◆ What you will do
Word for word, the data below must be repeated in full; no picture is to be included.

[Dataset excerpt]

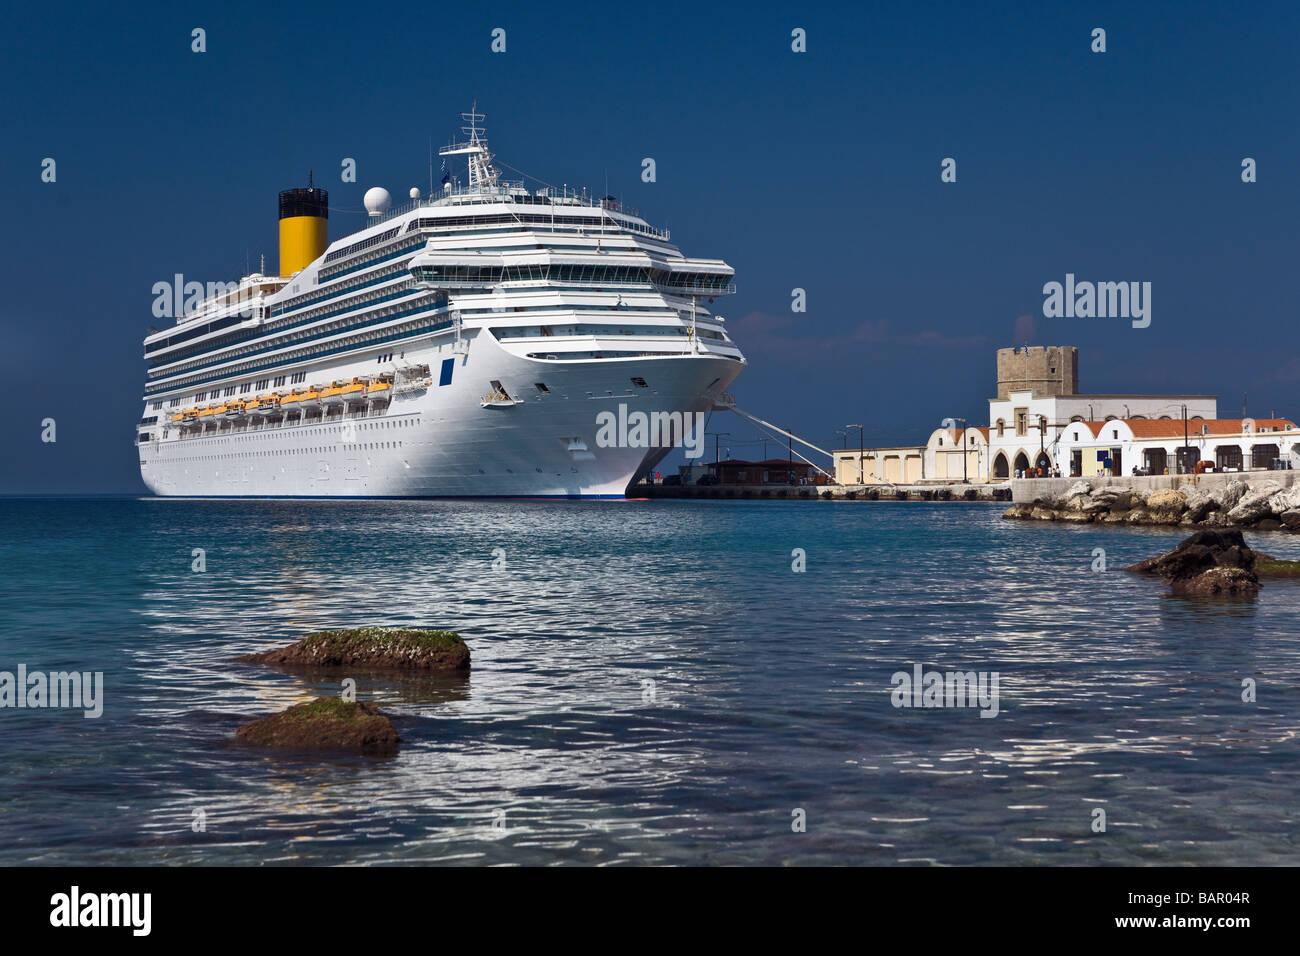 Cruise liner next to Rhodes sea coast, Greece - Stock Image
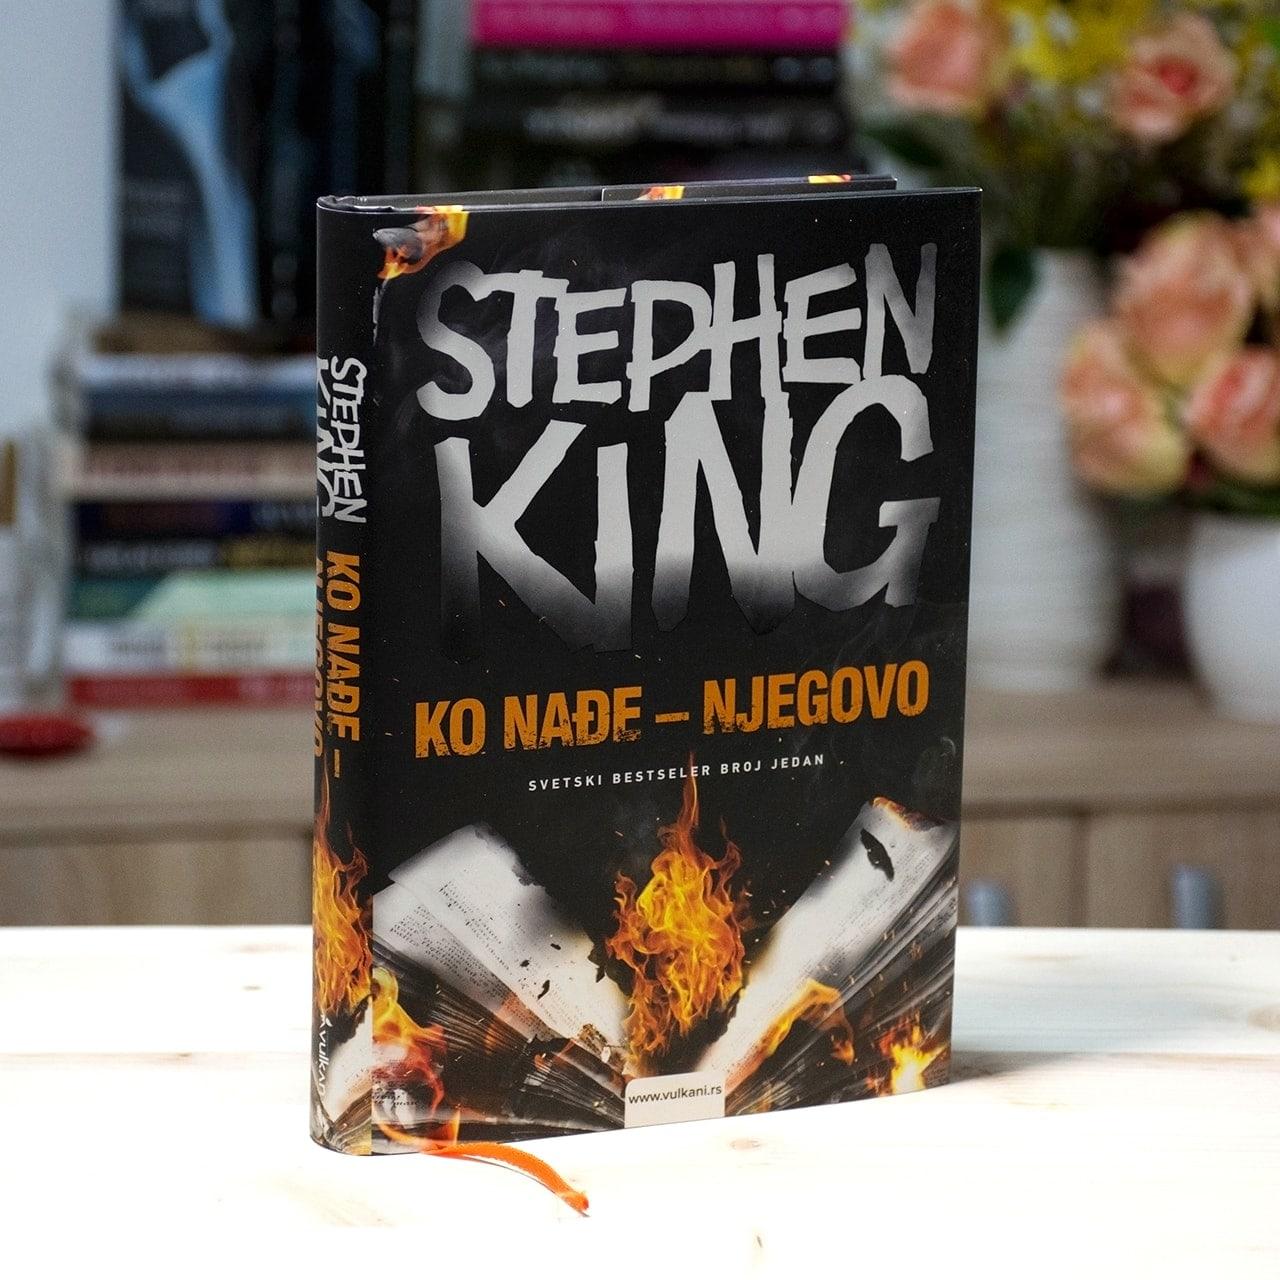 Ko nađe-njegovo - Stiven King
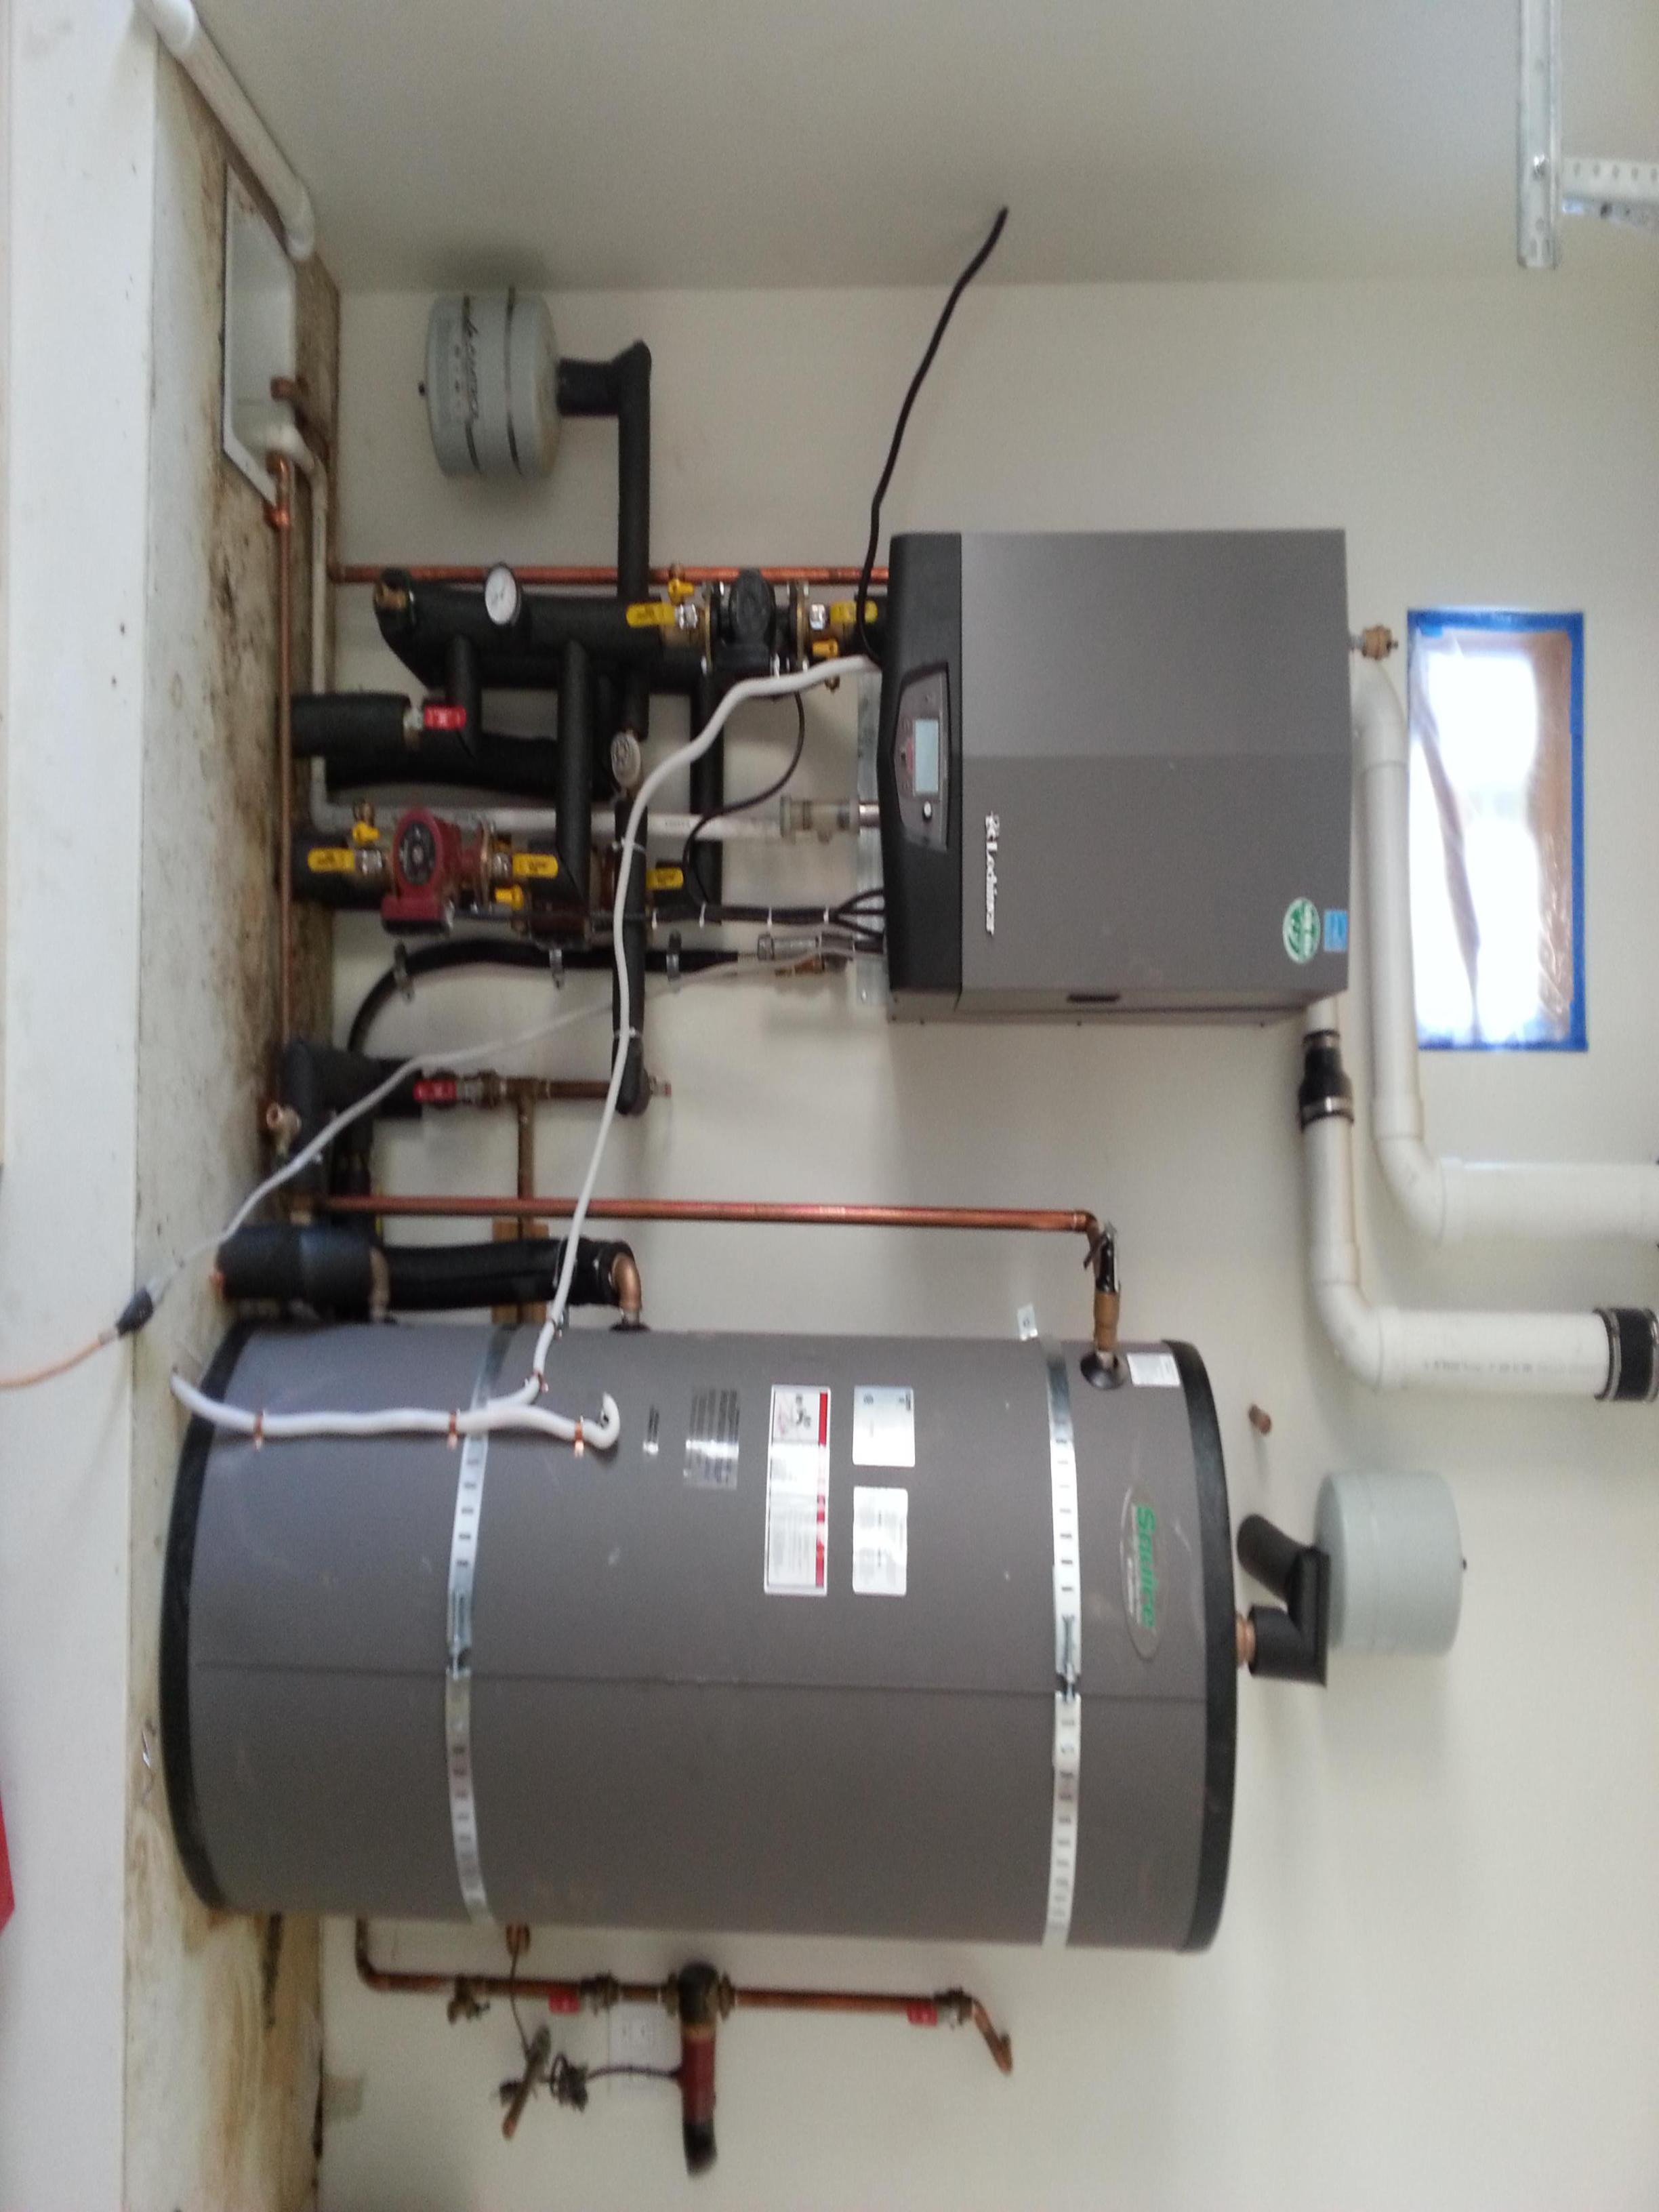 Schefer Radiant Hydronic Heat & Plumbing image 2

[/Dataset excerpt]

◆ Output for this task
 Cruise liner next to Rhodes sea coast, Greece - Stock Image
 Ko nađe-njegovo - Stiven King
 Schefer Radiant Hydronic Heat & Plumbing image 2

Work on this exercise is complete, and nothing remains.